The American Heart Association has urged businesses and public facilities to establish AED programs.

The Mason-based company plans to award up to 16 of the units and related training to police agencies annually and is offering special financing to non-profit civic groups that want to donate them to local police. For more information, go the program's Web site www.reviverprovider.org.

Cintas has sold first aid and safety products such as eye-wash stations and first-aid kits for about six years. Mitchell said Cintas' uniform customers are focusing more and more on emergency preparedness.

"It's a hot topic these days,'' he said.
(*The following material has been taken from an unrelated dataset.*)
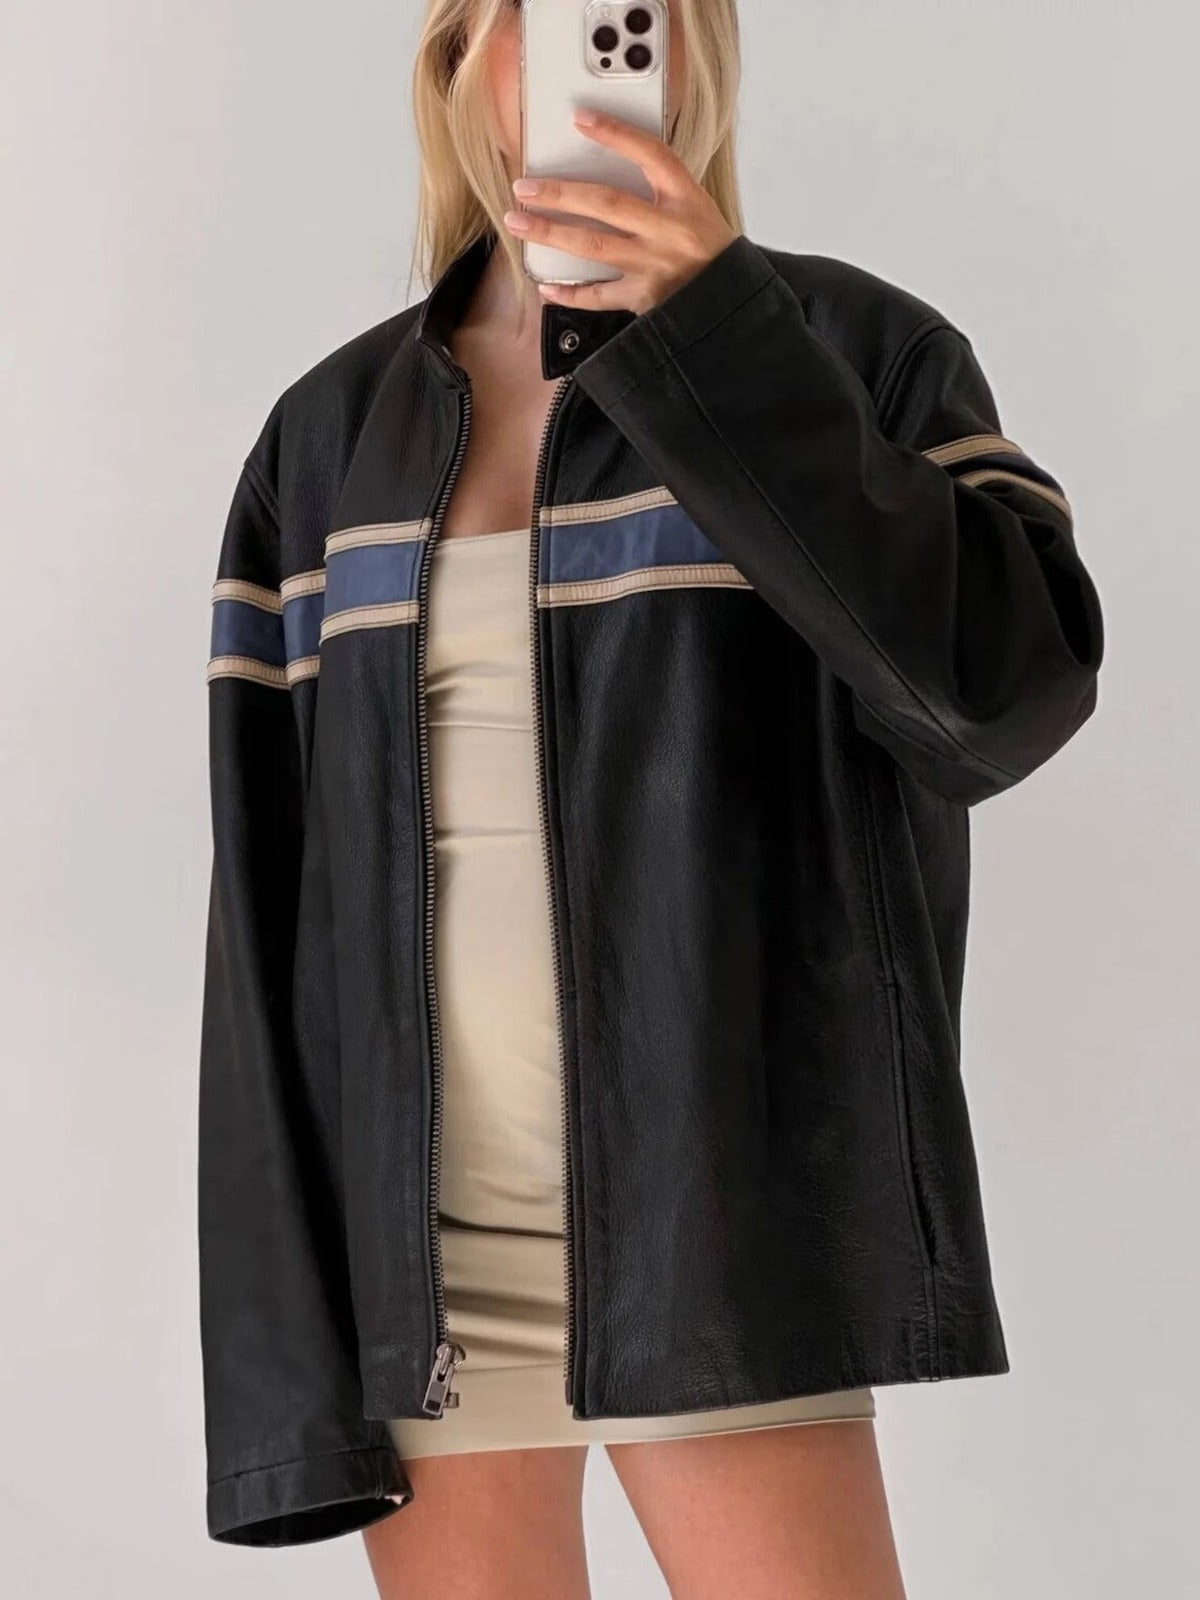 Oversized faux leather biker jacket - Women's fashion | Stradivarius United  States

Although first aid and safety products are a small part of Cintas' $2.3 billion in sales, it has been one of the firm's fastest-growing areas.

He said the company's sales staff has been selling "a couple hundred a month'' of Cintas' ReviveR defibrillators, which retail for $1,495.

Mitchell said Cintas began marketing the defibrillators after its customers began asking where they could get the phone-book size, battery-operated devices.

Cintas has a master distributor agreement with Defibtech, a Connecticut company that makes the devices. Mitchell said Cintas researched the product line and found the Defibtech product cost less than competitors' and was easier to use.